Category Archives: law

Joseph Weiler, traditional Jew, defends the freedom to affix a Crucifix

Joseph H. H. Weiler, expert in international law, who has more degrees -earned and honorary- than almost anyone else has written a piece defending the freedom the affix a crucifix. Some of my readers may know him because he is mainly situated at NYU and is a traditional Jew. I was once on a panel with him post 9/11. In the post-EU world, one part of the EU can hold another part to its standards. The placing of a crucifix was brought to court of European Court of Human Rights and banned in school use. Italy appealed the ban. Below is part of the defense of the Crucifix by Joseph Weiler.

13. Consider a photograph of the Queen of England hanging in the classroom. Like the Cross, that picture has a double meaning. It is a photo of the Head of State. It is, too, a photo of the Titular head of the Church of England. It is a bit like the Pope who is a Head of State and Head of a Church. Would it be acceptable for someone to demand that the picture of the Queen may not hang in the school since it is incompatible with their religious conviction or their right to education since – they are Catholics, or Jews, or Muslims? Or with their philosophical conviction – they are atheists? Could the Irish Constitution or the German Constitution not hang on a class room wall or be read in class since in their Preambles we find a reference to the Holy Trinity and the Divine Lord Jesus Christ in the former and to God in the latter? Of course the right of freedom from religion must ensure that a pupil who objects may not be required actually to engage in a religious act, perform a religious ritual, or have some religious affiliation as a condition for state entitlements. He or she should certainly have the right not to sing God Save the Queen if that clashes with their world view. But can that student demand that no one else sing it?

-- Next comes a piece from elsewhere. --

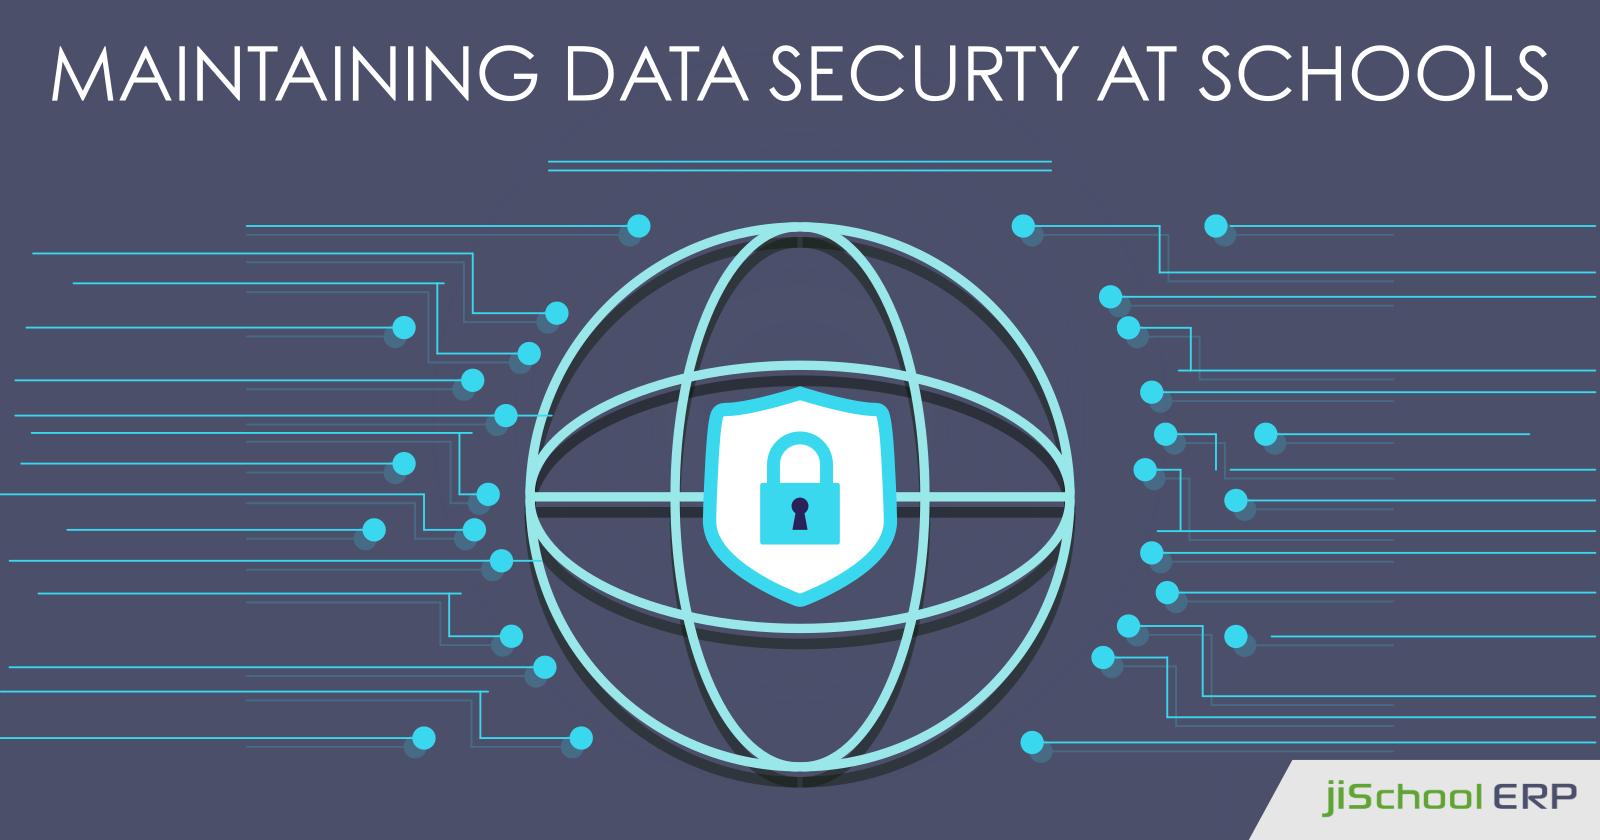 How jiSchoolERP Helps Schools in Maintaining Data Security?

21. Today, the principal social cleavage in our States as regards religion is not among, say Catholics and Protestants, but among the religious and the ‘secular’. Secularity, Laïcité is not an empty category which signifies absence of faith. It is to many a rich world view which holds, inter alia, the political conviction that religion only has a legitimate place in the private sphere and that there may not be any entanglement of public authority and religion. For example, only secular schools will be funded. Religious schools must be private and not enjoy public support. It is a political position, respectable, but certainly not “neutral.” The non-laique, whilst fully respecting freedom of and from religion, embrace some form of public religion as I have already noted. Laïcité advocates a naked public square, a classroom wall bereft of any religious symbol. It is legally disingenuous to adopt a political position which splits our society, and to claim that somehow it is neutral.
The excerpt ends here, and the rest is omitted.